Publications

Contextual and Non-Contextual Word Embeddings: an in-depth Linguistic Investigation

RepL4NLP @ ACL 2020

In this paper we present a comparison between the linguistic knowledge encoded in the internal representations of a contextual Language Model (BERT) and a contextual-independent one (Word2vec). We use a wide set of probing tasks, each of which corresponds to a distinct sentence-level feature extracted from different levels of linguistic annotation. We show that, although BERT is capable of understanding the full context of each word in an input sequence, the implicit knowledge encoded in its aggregated sentence representations is still comparable to that of a contextual-independent model. We also find that BERT is able to encode sentence-level properties even within single-word embeddings, obtaining comparable or even superior results than those obtained with sentence representations.

Tracking the Evolution of Written Language Competence in L2 Spanish Learners

BEA @ ACL 2020

In this paper we present an NLP-based approach for tracking the evolution of written language competence in L2 Spanish learners using a wide range of linguistic features automatically extracted from students’ written productions. Beyond reporting classification results for different scenarios, we explore the connection between the most predictive features and the teaching curriculum, finding that our set of linguistic features often reflect the explicit instructions that students receive during each course.

Prerequisite or Not Prerequisite? That's the problem! An NLP-based Approach for Concept Prerequisite Learning

CLiC-it 2019

This paper presents a method for prerequisite learning classification between educational concepts. The proposed system was developed by adapting a classification algorithm designed for sequencing Learning Objects to the task of ordering concepts from a computer science textbook. In order to apply the system to the new task, for each concept we automatically created a learning unit from the textbook using two criteria based on concept occurrences and burst intervals. Results are promising and suggest that further improvements could highly benefit the results.

Linguistically-Driven Strategy for Concept Prerequisites Learning on Italian

BEA @ ACL 2019

We present a new concept prerequisite learning method for Learning Object (LO) ordering that exploits only linguistic features extracted from textual educational resources. The method was tested in a cross- and in- domain scenario both for Italian and English. Additionally, we performed experiments based on a incremental training strategy to study the impact of the training set size on the classifier performances.

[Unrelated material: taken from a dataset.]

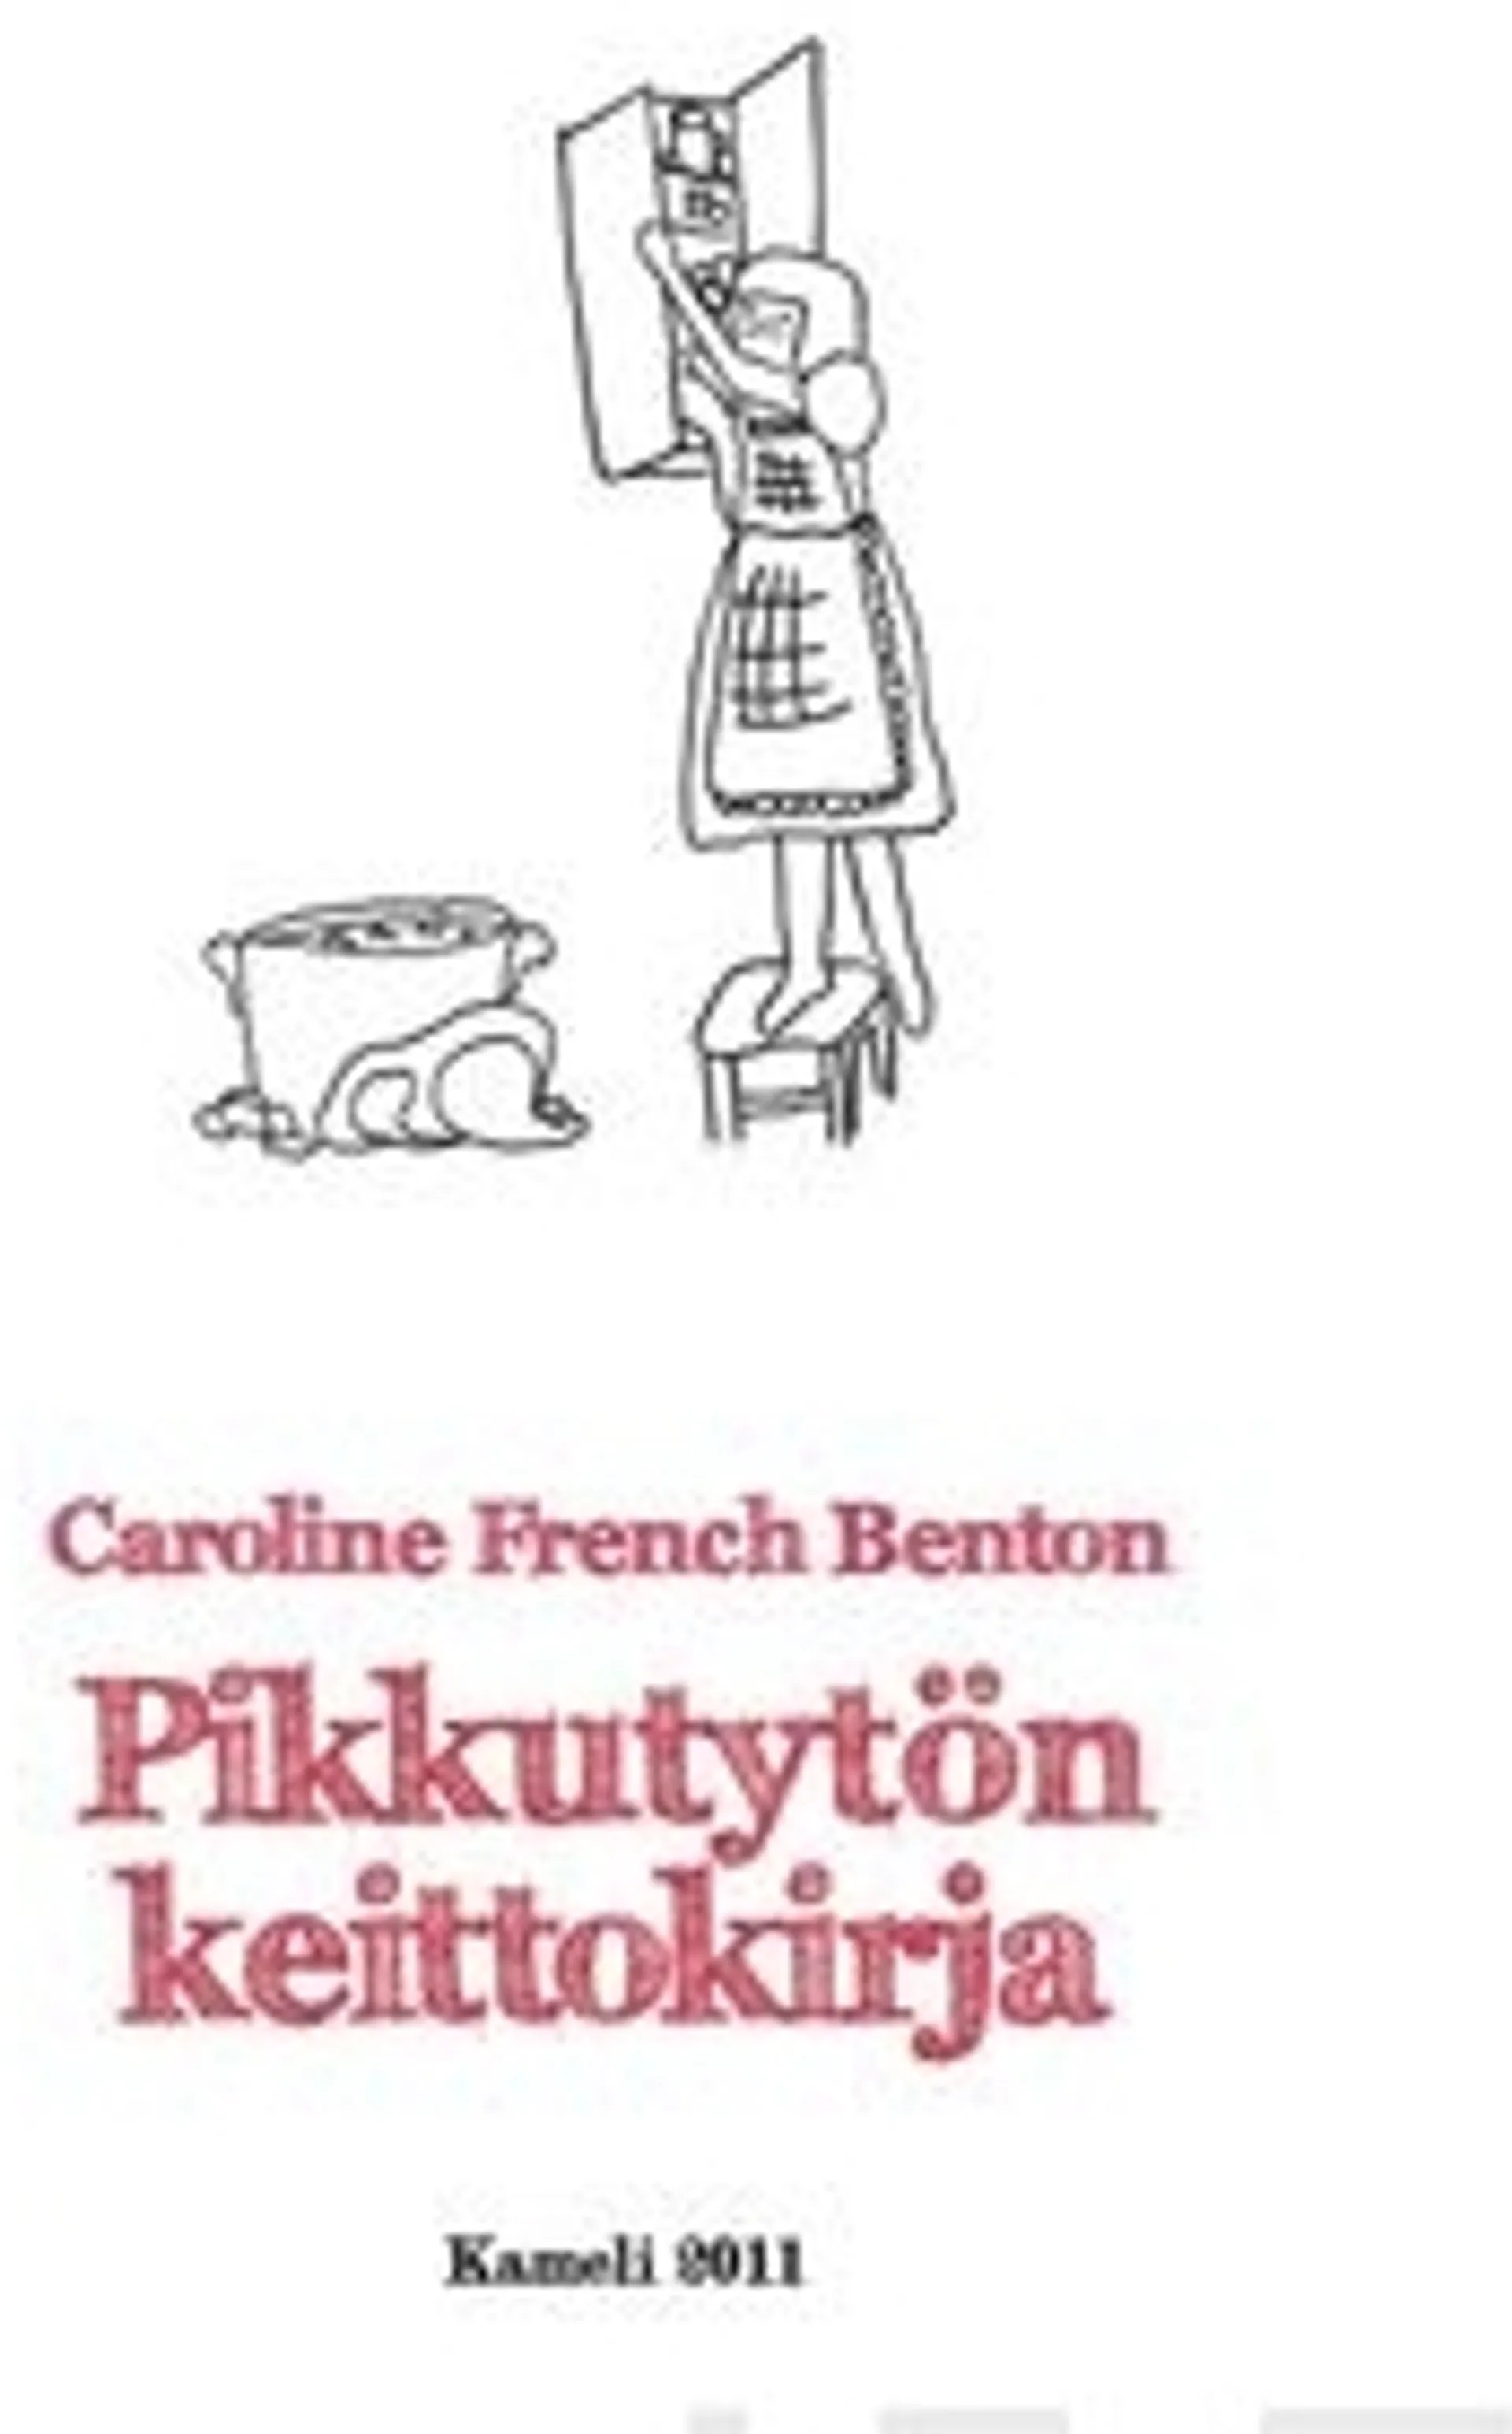 French Benton, Pikkutytön keittokirja
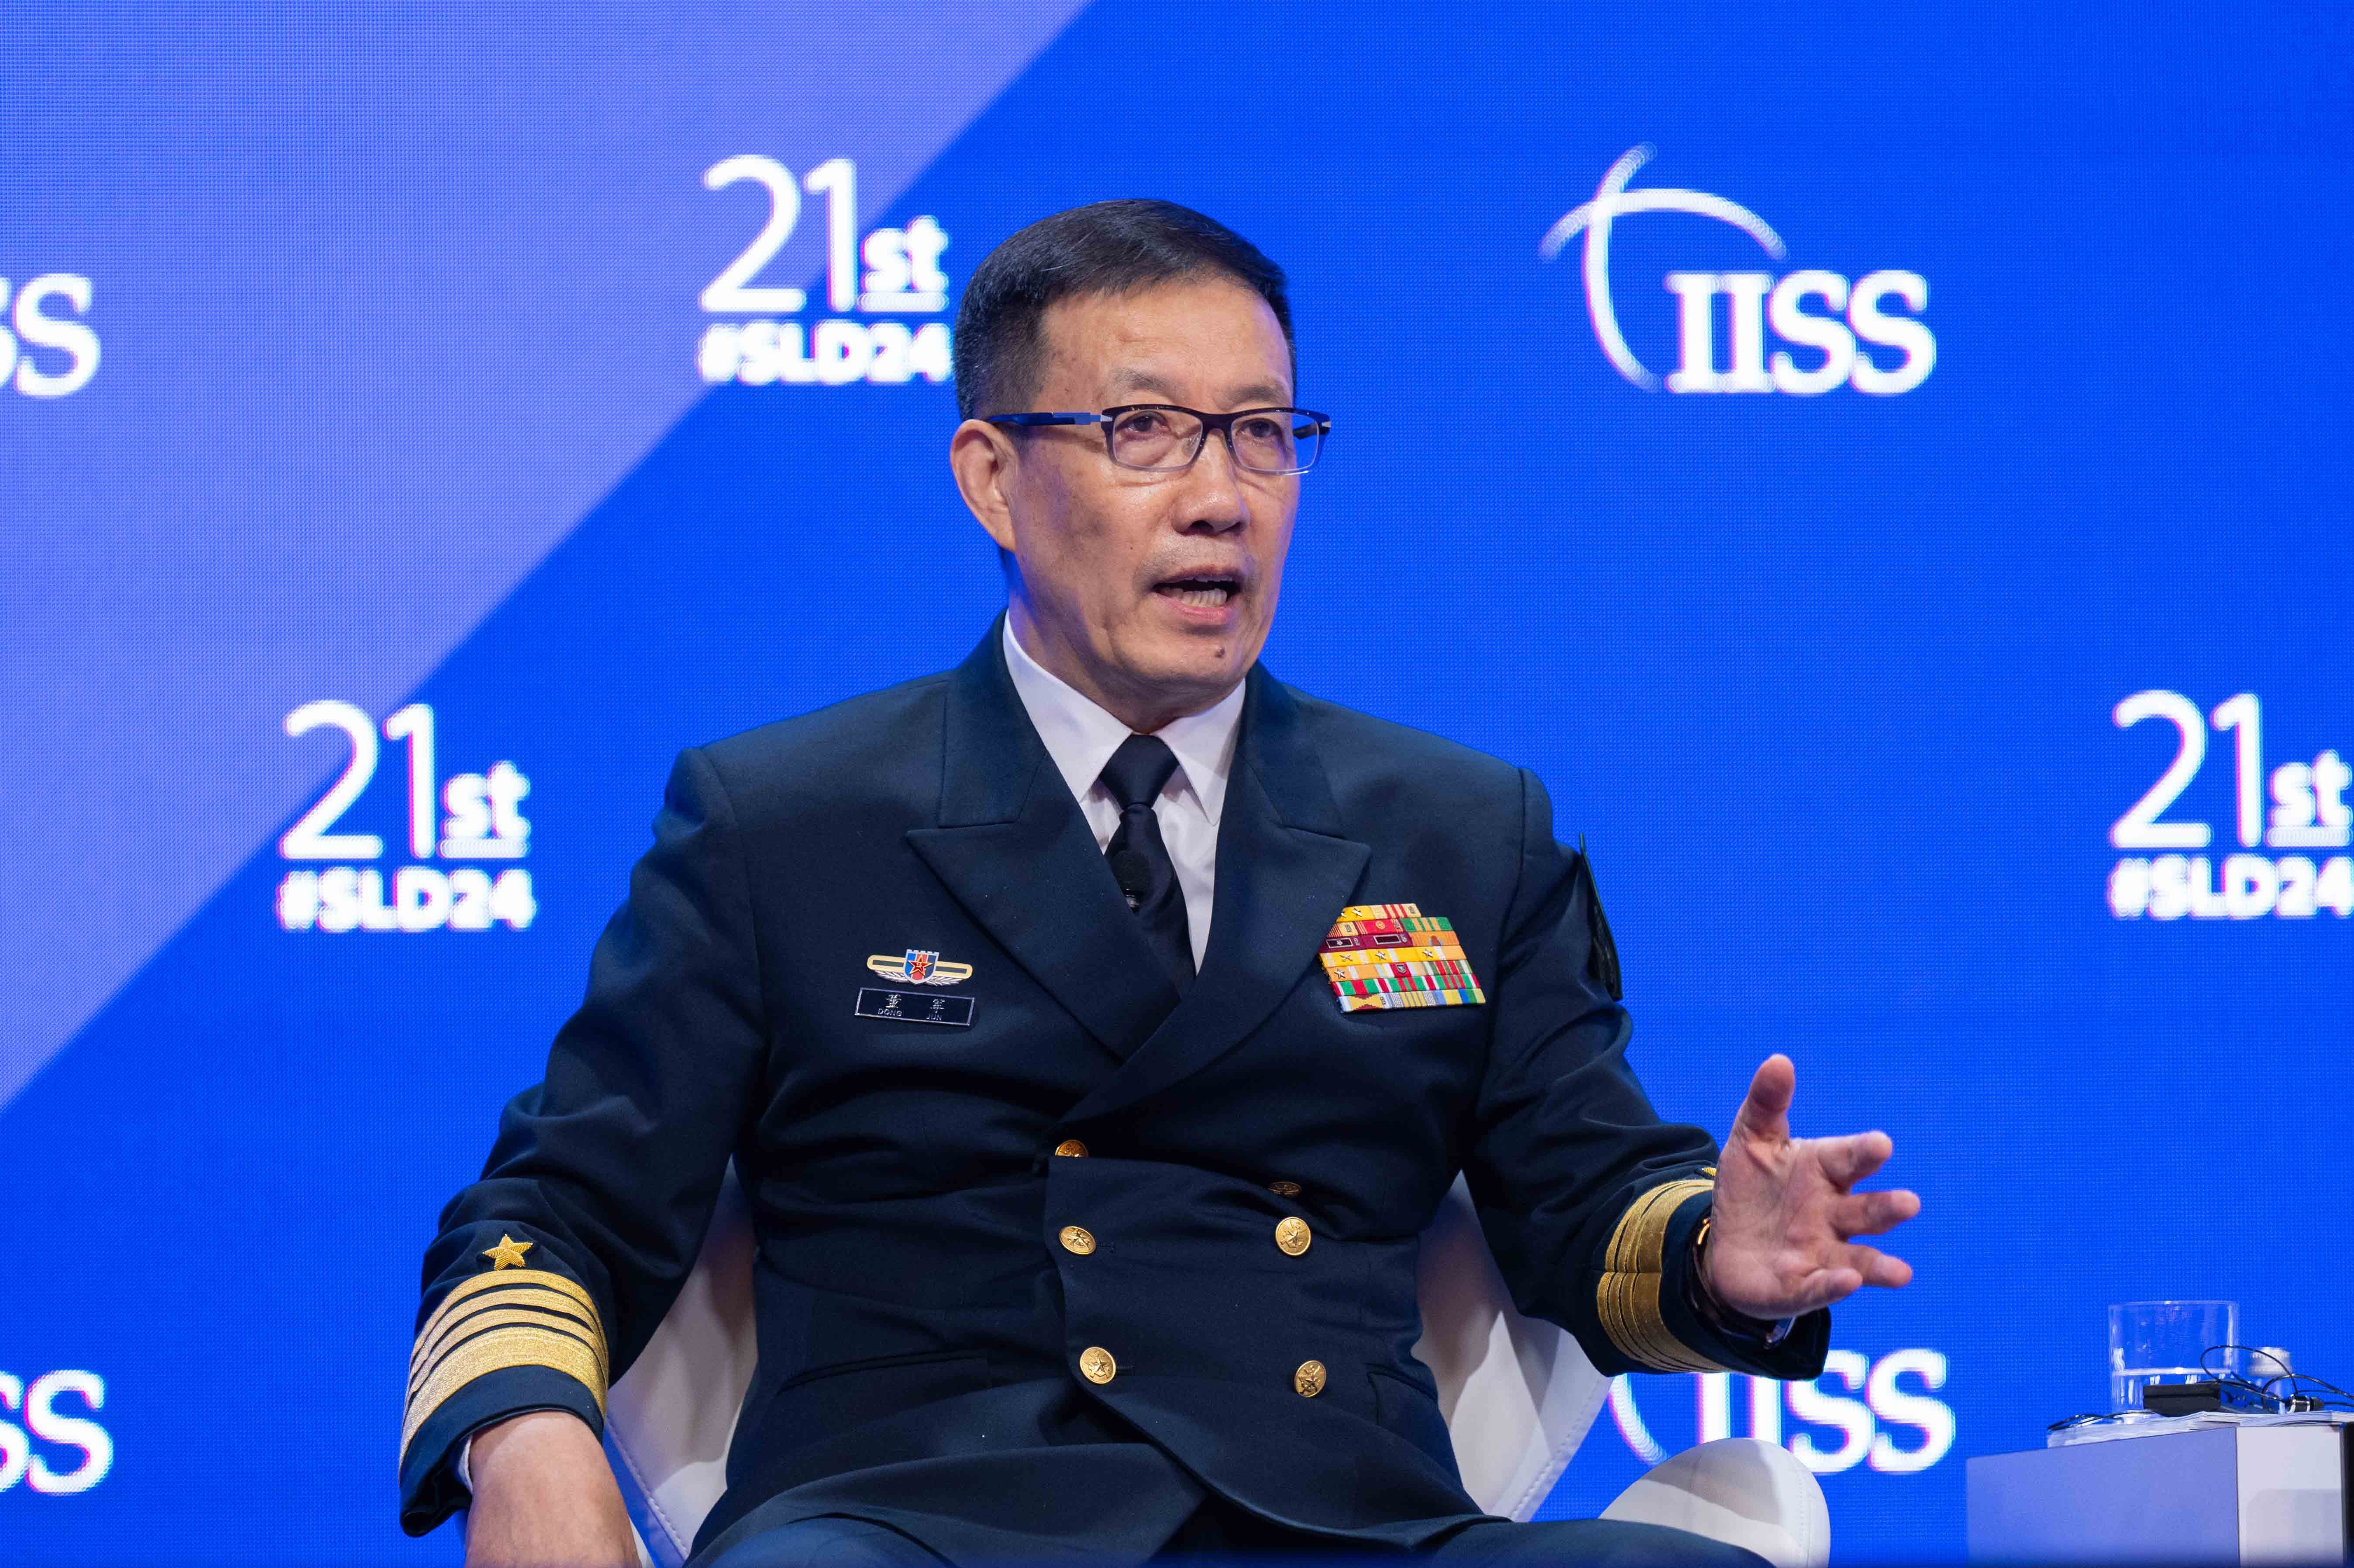 ونفى وزير الدفاع الصيني الأدميرال دونغ جون، في نفس المؤتمر الصحفي الذي عقده زيلينسكي، دعم بكين للمجهود الحربي الروسي.

The paper also introduces ITA-PREREQ, to the best of our knowledge the first Italian dataset annotated with prerequisite relations between pairs of educational concepts, and describe the automatic strategy devised to build it.

Trattamento Automatico della Lingua per la creazione di percorsi didattici personalizzati

Ital-IA 2019

Il contributo illustra le attività portate avanti dal Laboratorio ItaliaNLP Lab nel contesto dell’educazione, mostrando come strumenti di Trattamento Automatico della Lingua (TAL) per la profilazione linguistica del testo e l’accesso al contenuto permettano di: i) modellare le abilità linguistiche e di valutarne l’evoluzione nel corso dell’apprendimento e ii) supportare la creazione di risorse e percorsi didattici personalizzati rispetto alle competenze degli apprendenti e alle nuove modalità di fruizione anche in contesti di e-learning.

Deep learning for social sensing from tweets

CLiC-it 2015

Distributional Semantic Models (DSM) that represent words as vectors of weights over a high dimensional feature space have proved very effective in representing semantic or syntactic word similarity. For certain tasks however it is important to represent contrasting aspects such as polarity, opposite senses or idiomatic use of words. We present a method for computing discriminative word embeddings can be used in sentiment classification or any other task where one needs to discriminate between con-trasting semantic aspects. We present an experiment in the identification of reports on natural disasters in tweets by means of these embeddings.

Il Codice Pelavicino tra edizione digitale e Public History

Umanistica Digitale

The Codice Pelavicino Digitale Project aims to publish an online digital edition of the relevant manuscript of the XIII century. In this paper features of the edition and related issues are addressed. Secondly we explain motivations for choosing a digital edition as a medium: we address the background, and common concerns in the context of Academy and clerical and historical archives. Finally we give insights on the international standard adopted to markup the text, i.e. XML-TEI, and EVT, a tool adopted to generate the final website and display texts and images.